**Exercise requirements:** Retype each entry. Leave every word as it is.

Records for this task below:

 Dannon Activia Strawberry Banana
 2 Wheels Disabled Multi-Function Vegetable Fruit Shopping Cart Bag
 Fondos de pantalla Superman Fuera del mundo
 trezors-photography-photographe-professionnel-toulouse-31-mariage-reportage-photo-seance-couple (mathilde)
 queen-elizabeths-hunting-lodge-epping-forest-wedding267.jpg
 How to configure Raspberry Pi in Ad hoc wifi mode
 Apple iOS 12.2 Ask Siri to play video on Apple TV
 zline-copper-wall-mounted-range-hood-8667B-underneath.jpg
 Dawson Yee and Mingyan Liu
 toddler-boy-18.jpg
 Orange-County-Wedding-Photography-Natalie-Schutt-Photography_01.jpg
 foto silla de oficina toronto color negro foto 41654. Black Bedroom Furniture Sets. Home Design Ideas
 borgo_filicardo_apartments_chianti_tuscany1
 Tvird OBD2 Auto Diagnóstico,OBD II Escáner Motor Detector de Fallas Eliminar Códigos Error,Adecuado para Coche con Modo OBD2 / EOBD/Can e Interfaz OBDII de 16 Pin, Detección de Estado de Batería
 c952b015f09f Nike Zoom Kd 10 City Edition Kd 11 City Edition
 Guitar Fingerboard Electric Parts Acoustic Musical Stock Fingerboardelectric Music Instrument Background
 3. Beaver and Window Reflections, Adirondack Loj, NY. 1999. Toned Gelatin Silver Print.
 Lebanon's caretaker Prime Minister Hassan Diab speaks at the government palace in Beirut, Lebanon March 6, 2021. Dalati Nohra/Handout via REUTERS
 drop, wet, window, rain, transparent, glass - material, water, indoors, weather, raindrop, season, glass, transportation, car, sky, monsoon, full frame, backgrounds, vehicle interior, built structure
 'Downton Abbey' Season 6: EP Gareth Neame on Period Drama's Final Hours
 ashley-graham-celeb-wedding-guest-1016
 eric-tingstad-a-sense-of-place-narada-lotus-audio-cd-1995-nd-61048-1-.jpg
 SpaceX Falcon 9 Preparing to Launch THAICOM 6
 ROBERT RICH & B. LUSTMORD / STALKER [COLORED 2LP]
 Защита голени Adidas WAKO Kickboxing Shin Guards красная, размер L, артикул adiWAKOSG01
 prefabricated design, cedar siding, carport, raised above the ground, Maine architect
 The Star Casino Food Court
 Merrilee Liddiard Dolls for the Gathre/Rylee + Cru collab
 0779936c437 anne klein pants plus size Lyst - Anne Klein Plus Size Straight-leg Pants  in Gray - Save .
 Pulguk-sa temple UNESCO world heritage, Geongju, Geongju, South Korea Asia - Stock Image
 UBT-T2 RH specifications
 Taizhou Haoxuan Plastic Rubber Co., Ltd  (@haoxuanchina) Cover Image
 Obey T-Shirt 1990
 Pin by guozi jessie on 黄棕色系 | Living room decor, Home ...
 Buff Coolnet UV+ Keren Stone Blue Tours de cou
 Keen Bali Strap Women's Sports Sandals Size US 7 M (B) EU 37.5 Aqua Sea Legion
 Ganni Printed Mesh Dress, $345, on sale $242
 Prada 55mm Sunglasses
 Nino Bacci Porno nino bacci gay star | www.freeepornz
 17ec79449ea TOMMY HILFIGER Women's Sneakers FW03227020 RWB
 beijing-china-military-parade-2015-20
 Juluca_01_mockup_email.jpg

End of Records for this task.

**Answer section:**
 Dannon Activia Strawberry Banana
 2 Wheels Disabled Multi-Function Vegetable Fruit Shopping Cart Bag
 Fondos de pantalla Superman Fuera del mundo
 trezors-photography-photographe-professionnel-toulouse-31-mariage-reportage-photo-seance-couple (mathilde)
 queen-elizabeths-hunting-lodge-epping-forest-wedding267.jpg
 How to configure Raspberry Pi in Ad hoc wifi mode
 Apple iOS 12.2 Ask Siri to play video on Apple TV
 zline-copper-wall-mounted-range-hood-8667B-underneath.jpg
 Dawson Yee and Mingyan Liu
 toddler-boy-18.jpg
 Orange-County-Wedding-Photography-Natalie-Schutt-Photography_01.jpg
 foto silla de oficina toronto color negro foto 41654. Black Bedroom Furniture Sets. Home Design Ideas
 borgo_filicardo_apartments_chianti_tuscany1
 Tvird OBD2 Auto Diagnóstico,OBD II Escáner Motor Detector de Fallas Eliminar Códigos Error,Adecuado para Coche con Modo OBD2 / EOBD/Can e Interfaz OBDII de 16 Pin, Detección de Estado de Batería
 c952b015f09f Nike Zoom Kd 10 City Edition Kd 11 City Edition
 Guitar Fingerboard Electric Parts Acoustic Musical Stock Fingerboardelectric Music Instrument Background
 3. Beaver and Window Reflections, Adirondack Loj, NY. 1999. Toned Gelatin Silver Print.
 Lebanon's caretaker Prime Minister Hassan Diab speaks at the government palace in Beirut, Lebanon March 6, 2021. Dalati Nohra/Handout via REUTERS
 drop, wet, window, rain, transparent, glass - material, water, indoors, weather, raindrop, season, glass, transportation, car, sky, monsoon, full frame, backgrounds, vehicle interior, built structure
 'Downton Abbey' Season 6: EP Gareth Neame on Period Drama's Final Hours
 ashley-graham-celeb-wedding-guest-1016
 eric-tingstad-a-sense-of-place-narada-lotus-audio-cd-1995-nd-61048-1-.jpg
 SpaceX Falcon 9 Preparing to Launch THAICOM 6
 ROBERT RICH & B. LUSTMORD / STALKER [COLORED 2LP]
 Защита голени Adidas WAKO Kickboxing Shin Guards красная, размер L, артикул adiWAKOSG01
 prefabricated design, cedar siding, carport, raised above the ground, Maine architect
 The Star Casino Food Court
 Merrilee Liddiard Dolls for the Gathre/Rylee + Cru collab
 0779936c437 anne klein pants plus size Lyst - Anne Klein Plus Size Straight-leg Pants  in Gray - Save .
 Pulguk-sa temple UNESCO world heritage, Geongju, Geongju, South Korea Asia - Stock Image
 UBT-T2 RH specifications
 Taizhou Haoxuan Plastic Rubber Co., Ltd  (@haoxuanchina) Cover Image
 Obey T-Shirt 1990
 Pin by guozi jessie on 黄棕色系 | Living room decor, Home ...
 Buff Coolnet UV+ Keren Stone Blue Tours de cou
 Keen Bali Strap Women's Sports Sandals Size US 7 M (B) EU 37.5 Aqua Sea Legion
 Ganni Printed Mesh Dress, $345, on sale $242
 Prada 55mm Sunglasses
 Nino Bacci Porno nino bacci gay star | www.freeepornz
 17ec79449ea TOMMY HILFIGER Women's Sneakers FW03227020 RWB
 beijing-china-military-parade-2015-20
 Juluca_01_mockup_email.jpg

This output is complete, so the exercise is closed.